The well-prepared constable immediately took from his saddle bag the stuffed skin of a dead rattlesnake, doused it with a fluid from a smelly container and headed for the horses of Black Theo and his men. He had used this ruse twice before, once with poor results and once with a sudden bolting of horses that had pulled down a fence to get away from the snake flung onto the back of one of them. He was aiming to do the same trick again.
He was close to the horses, yet still out of sight, and could hear them nicker and heard the voice of one of the men, soon identified by Black Theo himself, “Them horses get too nervy for me, Hooker, so go quiet them down.”
“Yes, sir, Cap’n Theo,” came the reply. “Be right back. But don’t you gents eat my fare of bacon and beans. I’m dang hungry this morning.” The tone of his voice was most conciliatory, not a syllable of threat in it, from the low end of the totem pole, and Denby was willing to bet that one of the two men would eat Hooker’s share of beans and bacon … if he ever got back to the campfire.
Hooker plodded away from the campfire and, fully surprised, walked into the bore end of Denby’s pistol at his forehead.

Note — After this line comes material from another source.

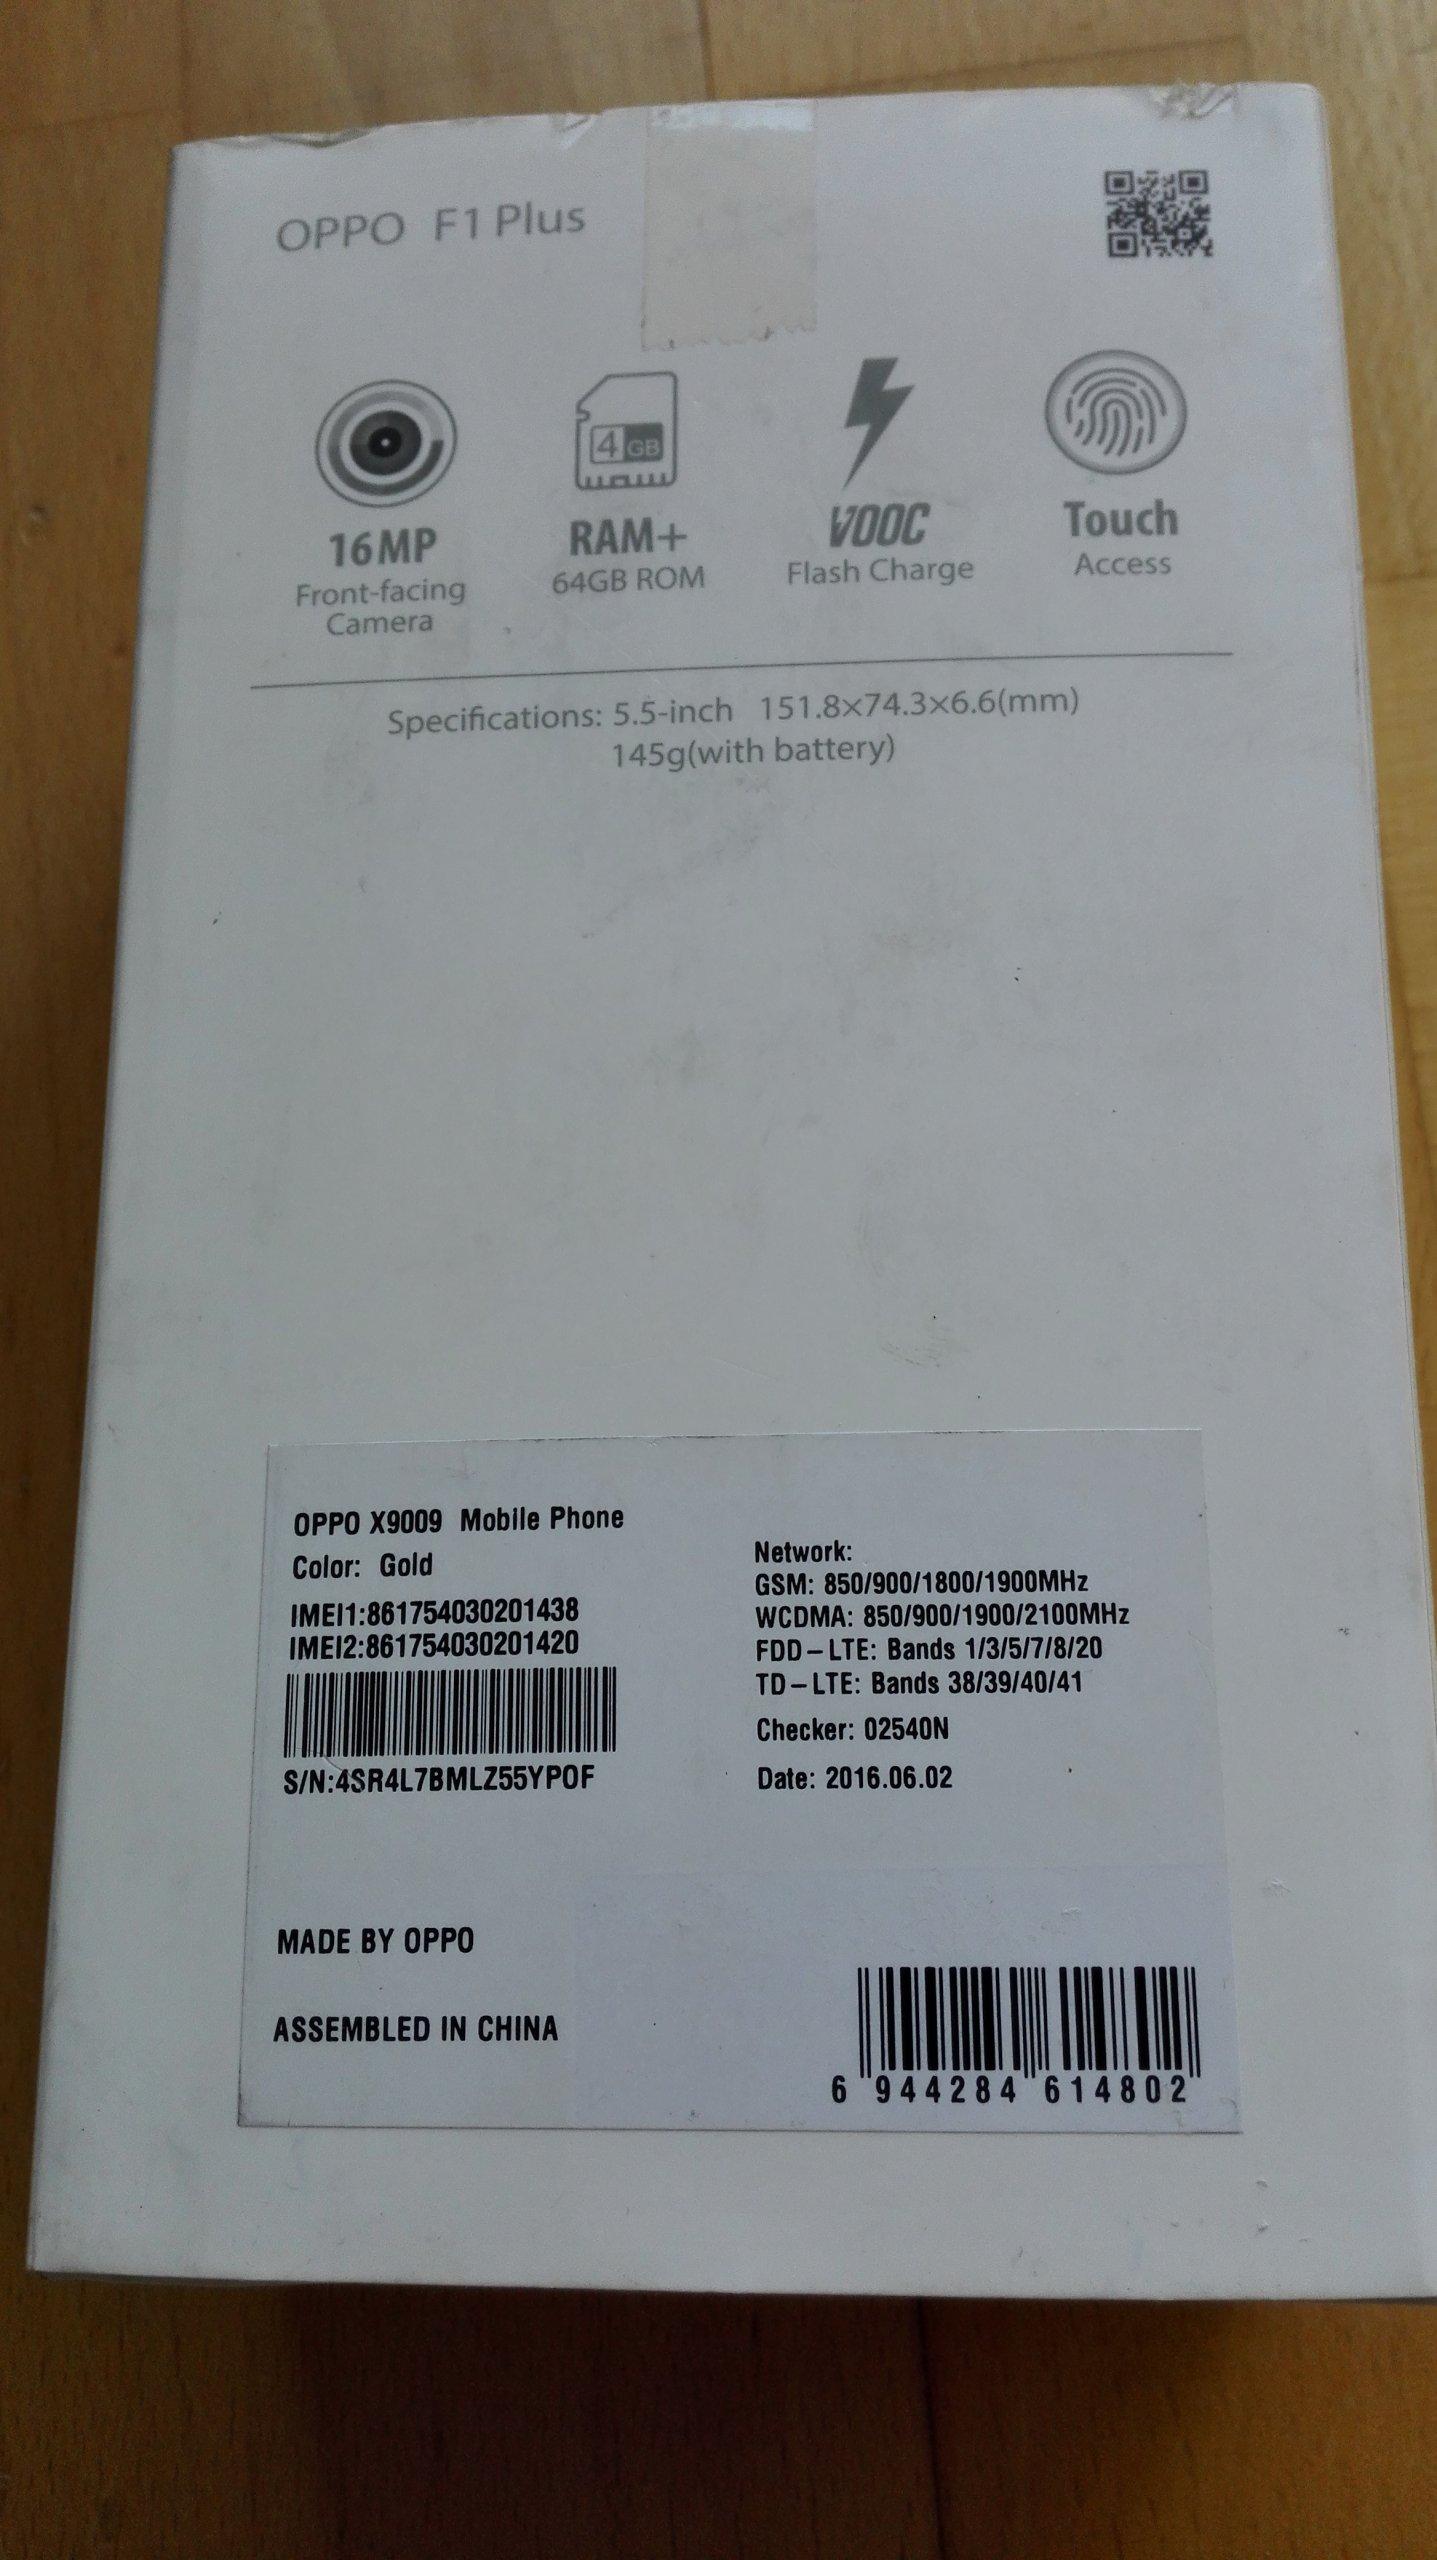 OPPO F1 Plus R9 Xiaomi Meizu Leeco Letv eplus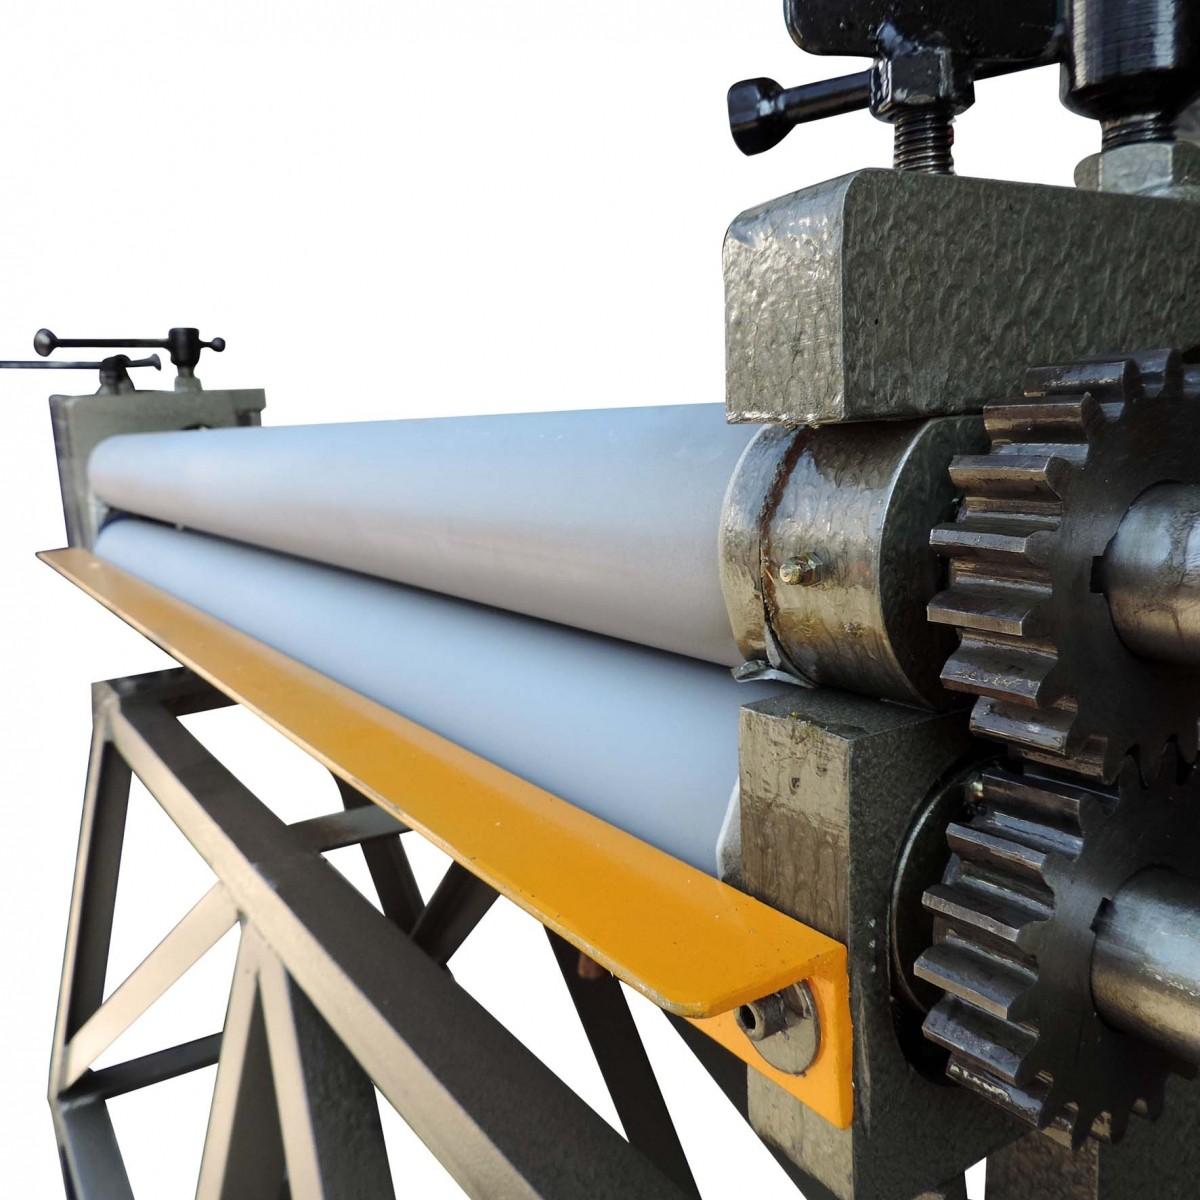 Calandra Manual Para Chapas Inicial Rmi 1220 X 2.5 Mm

He sat down at a whisper, the red uniform striking fear into him and going totally mute even when questions were asked of him. Bound quickly with his own rope, and his neckerchief stuffed in his mouth, he stayed prone as directed, down and quiet, not a muscle moving, possibly more fearful of the red uniform than the black eye patch and the burnt cheek back at the campfire.
With amazing skill at his approach, Denby got near enough to fling the stuffed snakeskin directly onto the back of one horse. The uproarious result was three horses breaking free and bolting in a mad rush, the crashing sounds of broken limbs following their flight into the forest.
Denby’s opponents now were down to two men, one being Black Theo. The odds were better, and the prey at hand, the real prey. The pair came rushing to see what had gone wrong with the horses, Black Theo yelling out for Hooker and getting no answer.
Sergeant Joe Denby, resplendent in red, his chevrons making a statement of additional authority, stood in front of the final two opponents in the wrong. One man went for his pistol, has hand too slow for the Mountie, and he was shot dead on the spot.
When Black Theo went for his pistol, Denby shot it out of his hand, and then shot the scabbard free of his belt. Black Theo felt the singular pain as the bullet hit him at the hipline, the metallic scabbard and cutlass coming asunder in pieces.
Denby tied Black Theo securely, buried the dead man, put up a cross, entered a note in his log, and went to look for their horses, which he found less than a mile away.
On the way to Fort Cudahy, Hooker did not utter a single comment, which irritated Black Theo the whole route, and him never shutting his mouth about it.
He said to Denby, “You’ll not get me into the brig any which way, mister. My men will know about this and hang you from the nearest yardarm afore we get to that brig you have in mind.”
He nodded at Hooker and said, “That’s where my coward shipmate there, Mr. Hooker, will get his final wishes, at the point of a stiletto sharp as a witch’s nails or maybe he’ll walk the plank right off the wall.”
“Oh,” Denby had to say at one point, something internal making him say it, “is that from the wall of the brig we’ll never get to because your men will rescue you before we get there? Is that the one you’re talking about, Cap’n?”
Black Theo never said another word, nor did the Mountie until he turned him over to Inspector Colin MacKieran at Fort Cudahy in their most current meeting, the first one still vividly in place every time they met.